The drilling regulator of the U.S. government permitted an oil conglomerate to probe in the Gulf of Mexico and the Arctic Ocean, according to published reports.
With approval issued Thursday by the Bureau of Ocean Energy, Management, Regulation and Enforcement - a division of the Interior Department - Royal Dutch Shell now is free to assemble a deepwater well roughly 140 miles southeast of New Orleans, The Washington Post reports . According to Bloomberg, the Hague-based company may begin probing the Beaufort Sea of Alaska in July of next year after winning follow-up approval from three additional federal services.
"We base our decisions regarding energy exploration and development in the Arctic on the best scientific information available," Michael Bromwich, director of the Interior subagency, told The New York Times. "We will closely review and monitor Shell's proposed activities to ensure that any activities that take place under this plan will be conducted in a safe and environmentally responsible manner."
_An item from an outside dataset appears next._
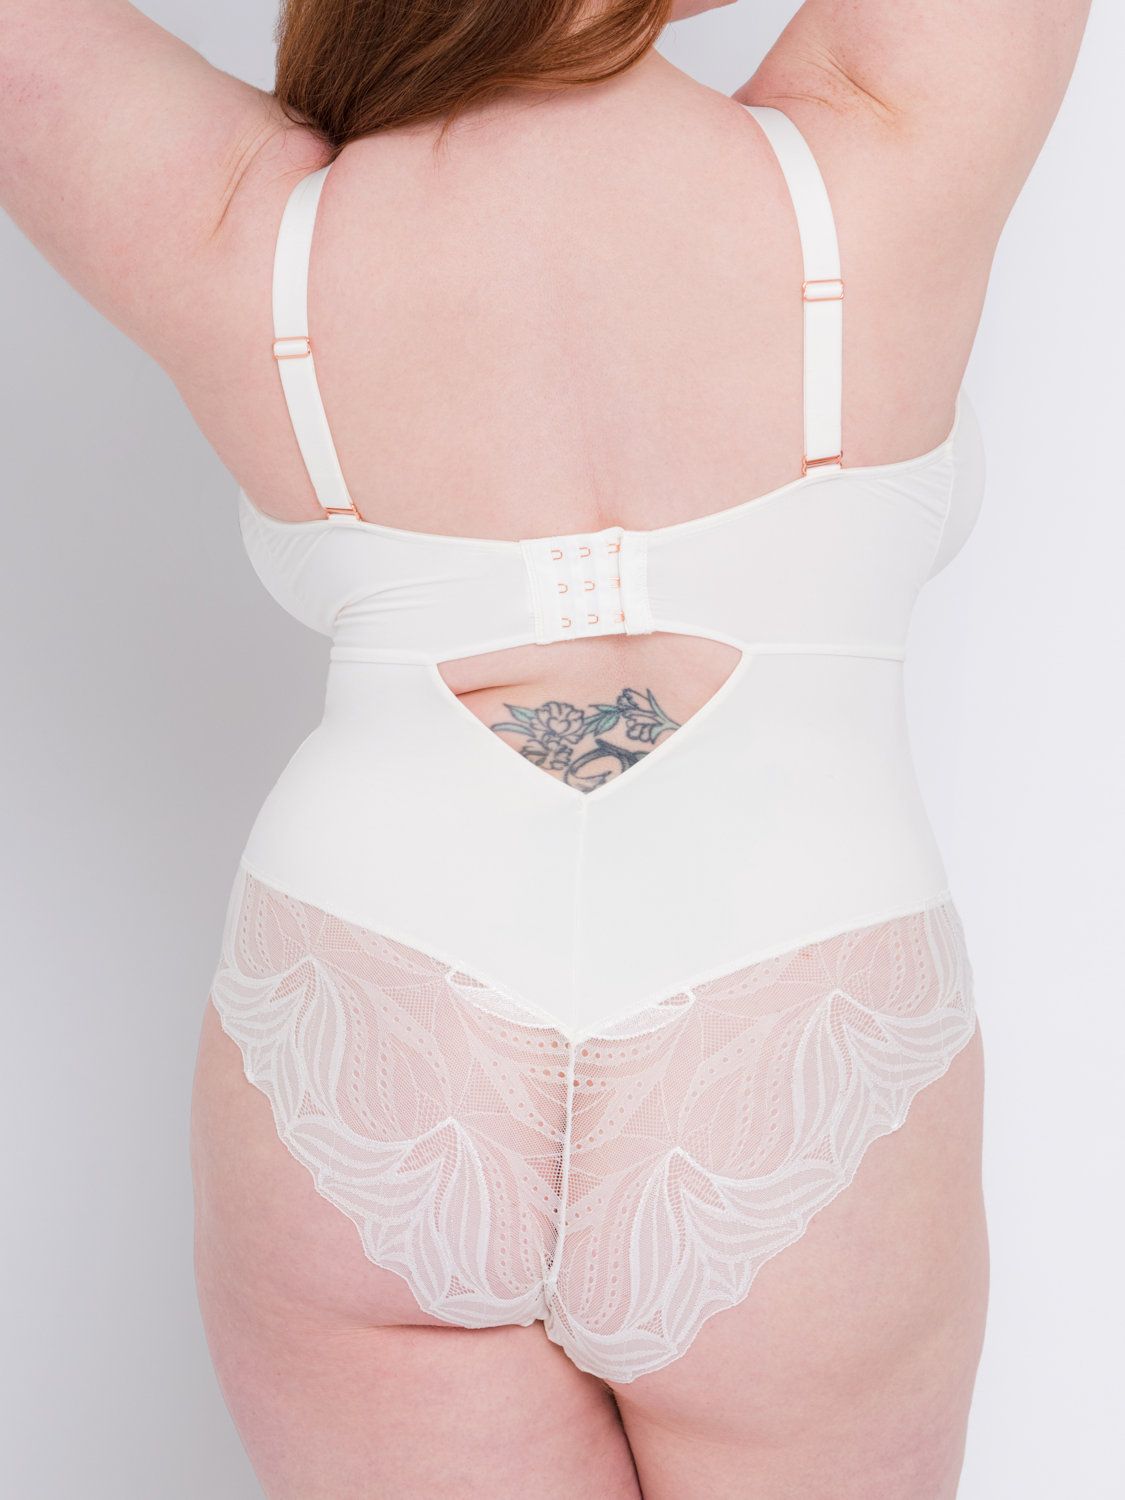 Scantilly by Curvy Kate Indulgence Lace Body Ivory

Each of Shell's five rigs in operation in the Gulf of Mexico prior to the fatal BP Deepwater Horizon disaster in April 2010 have resumed functioning, Shell told The Washington Post.
The effort to win approval to probe north of Alaska was closely watched by industry supporters and environmental opponents as it was the first request of regulators' outside of the Gulf of Mexico, Bloomberg reports.